BRIEF DESCRIPTION OF THE DRAWINGS
[0014] FIG. 1 is a circuit diagram illustrating an LED driver and
LED illuminator according to a related art;
[0015] FIG. 2 is a circuit diagram illustrating an LED driver and
LED illuminator according to a first embodiment of the present
invention;
[0016] FIG. 3 is a graph illustrating VF-ILED (forward voltage-LED
current) characteristic curves of the first embodiment, related
art, and first and second reference examples;
[0017] FIG. 4 is a circuit diagram illustrating an LED driver and
LED illuminator according to the first reference example;
[0018] FIG. 5 is a circuit diagram illustrating an LED driver and
LED illuminator according to the second reference example;
[0019] FIG. 6 is a circuit diagram illustrating an LED driver and
LED illuminator according to a second embodiment of the present
invention;
[0020] FIG. 7 is a graph illustrating VF-ILED characteristic curves
of the second and first embodiments;
[0021] FIG. 8 is a circuit diagram illustrating an LED driver and
LED illuminator according to a third embodiment of the present
invention;
[0022] FIG. 9 is a circuit diagram illustrating an LED driver and
LED illuminator according to a fourth embodiment of the present
invention;
[0023] FIG. 10 is a graph illustrating Vin-ILED (AC input
voltage-LED current) characteristic curves of the fourth
embodiment;
[0024] FIG. 11 is a circuit diagram illustrating an LED driver and
LED illuminator according to a fifth embodiment of the present
invention; and
[0025] FIG. 12 is a circuit diagram illustrating an LED driver and
LED illuminator according to a sixth embodiment of the present
invention.
DESCRIPTION OF PREFERRED EMBODIMENTS
[0026] Embodiments of the present invention will be explained in
detail with reference to the drawings. In the drawings, the same or
like parts are represented with the same or like reference marks.

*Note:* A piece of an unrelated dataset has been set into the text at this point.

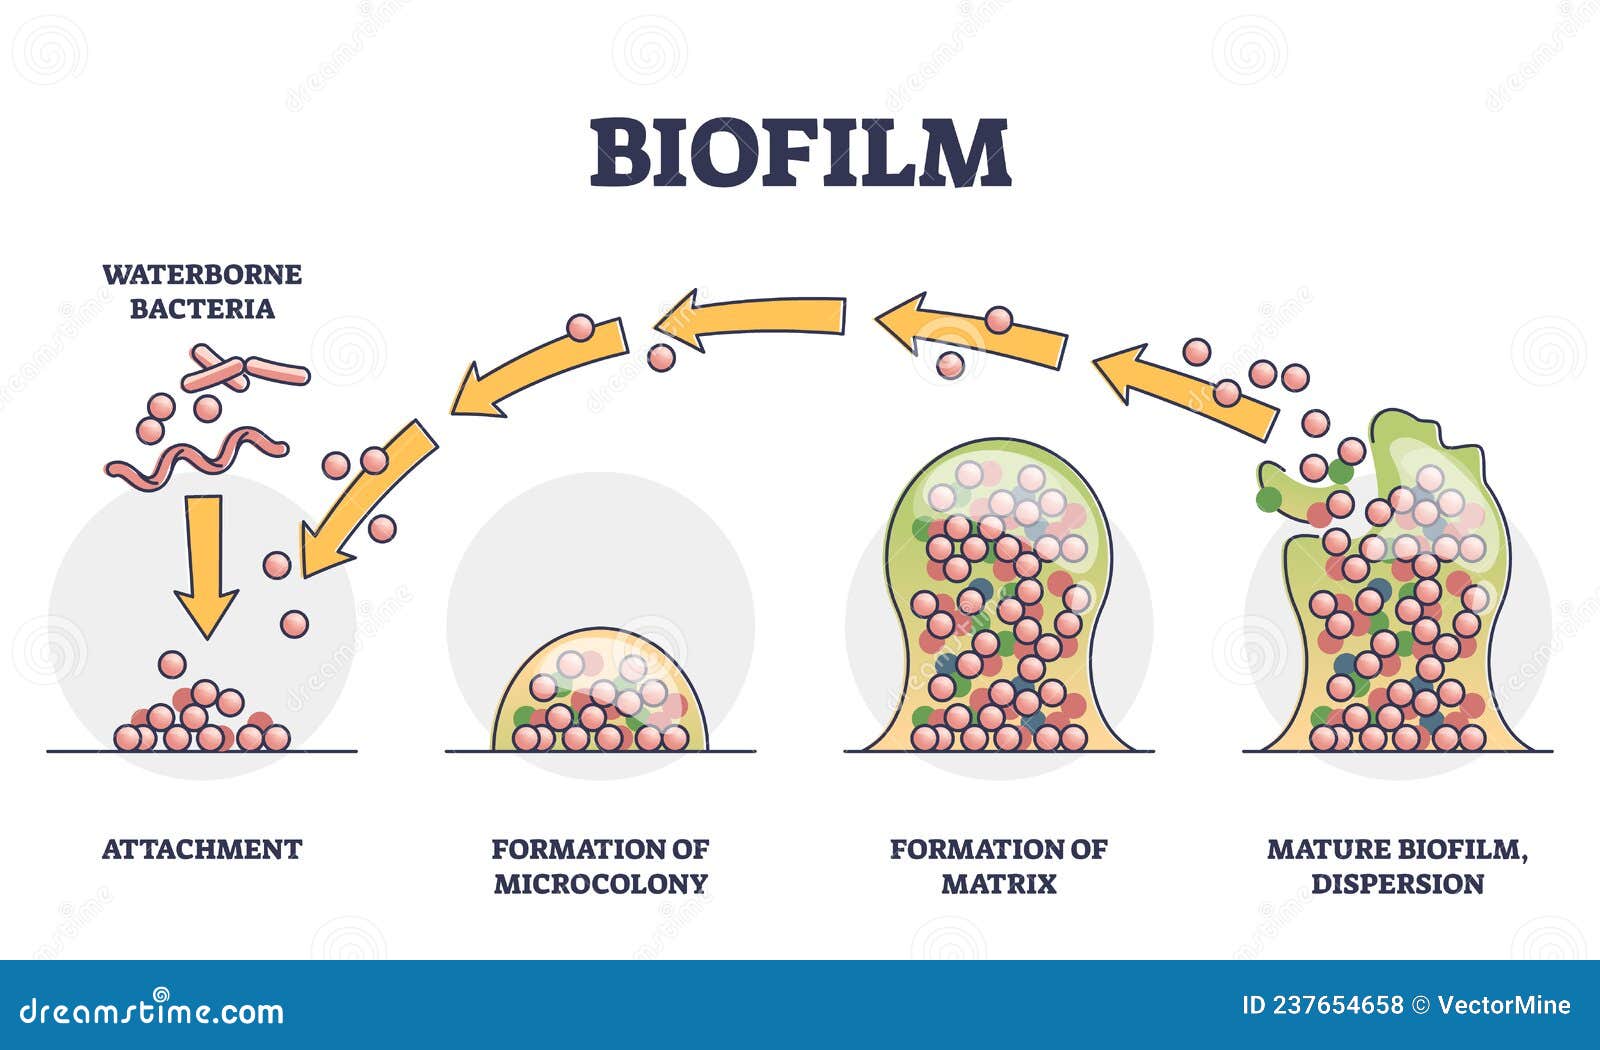 biofilm formation stages with development and dispersion outline diagram

The embodiments mentioned below are only examples of technical
ideas of the present invention and are modifiable in various ways
within the scope of the present invention stipulated in the
claims.
First Embodiment
[0027] FIG. 2 is a circuit diagram illustrating an LED driver and
LED illuminator according to the first embodiment of the present
invention. The LED illuminator 100 includes the LED driver 1 and an
LED load 2 connected to the LED driver 1.
[0028] The LED driver 1 is a DC-DC converter employing an insulated
switching regulator. The LED driver 1 receives input power from an
AC power source such as a commercial power source or from a DC
power source such as a battery, converts the input power into
required DC power, and outputs the required DC power to the LED
load 2. The LED driver 1 includes an insulated power converter 3
connected to the LED load 2, a controller 4 connected to the power
converter 3, and a feedback part 5 connected to the power converter
3 and controller 4. The LED driver 1 also includes a control power
source 6 that is part of the power converter 3 and is connected to
the controller 4 and feedback part 5.
[0029] The LED load 2 is a DC light emitting load that emits light
with the DC power supplied from the LED driver 1. The LED load 2
includes at least one white LED that is made of R (red), G (green),
and B (blue) LED elements or a short-wavelength LED. According to
the first embodiment, the LED load 2 includes n white LEDs 2-1 to
2-n that are connected in series.
[0030] The power converter 3 is a known flyback converter including
a transformer 33. The power converter 3 converts input power into
required DC power and supplies the required DC power through the
transformer 33 to the LED load 2. The power converter 3 includes
the transformer 33 having a primary winding P, a secondary winding
S1, and a tertiary winding S2, a switching element 34 connected to
the primary winding P, the AC power source 31, a diode bridge 32,
and a rectifying-smoothing circuit including an output diode 35 and
an output capacitor 36. In FIG. 2, a black dot depicted at each of
the windings P, S1, and S2 represents a polarity of the
winding.
[0031] Both ends of the AC power source 31 are connected to first
and second terminals of the diode bridge 32, respectively. A third
terminal of the diode bridge 32 is connected to a first end of the
primary winding P of the transformer 33 and a fourth terminal of
the diode bridge 32 is connected to a primary-side ground. A second
end of the primary winding P is connected to a first end (drain) of
the switching element 34. The switching element 34 is, for example,
a MOSFET (metal-oxide-semiconductor field-effect transistor). A
second end (source) of the switching element 34 is connected to the
primary-side ground and a control terminal (gate) of the switching
element 34 is connected to the controller 4.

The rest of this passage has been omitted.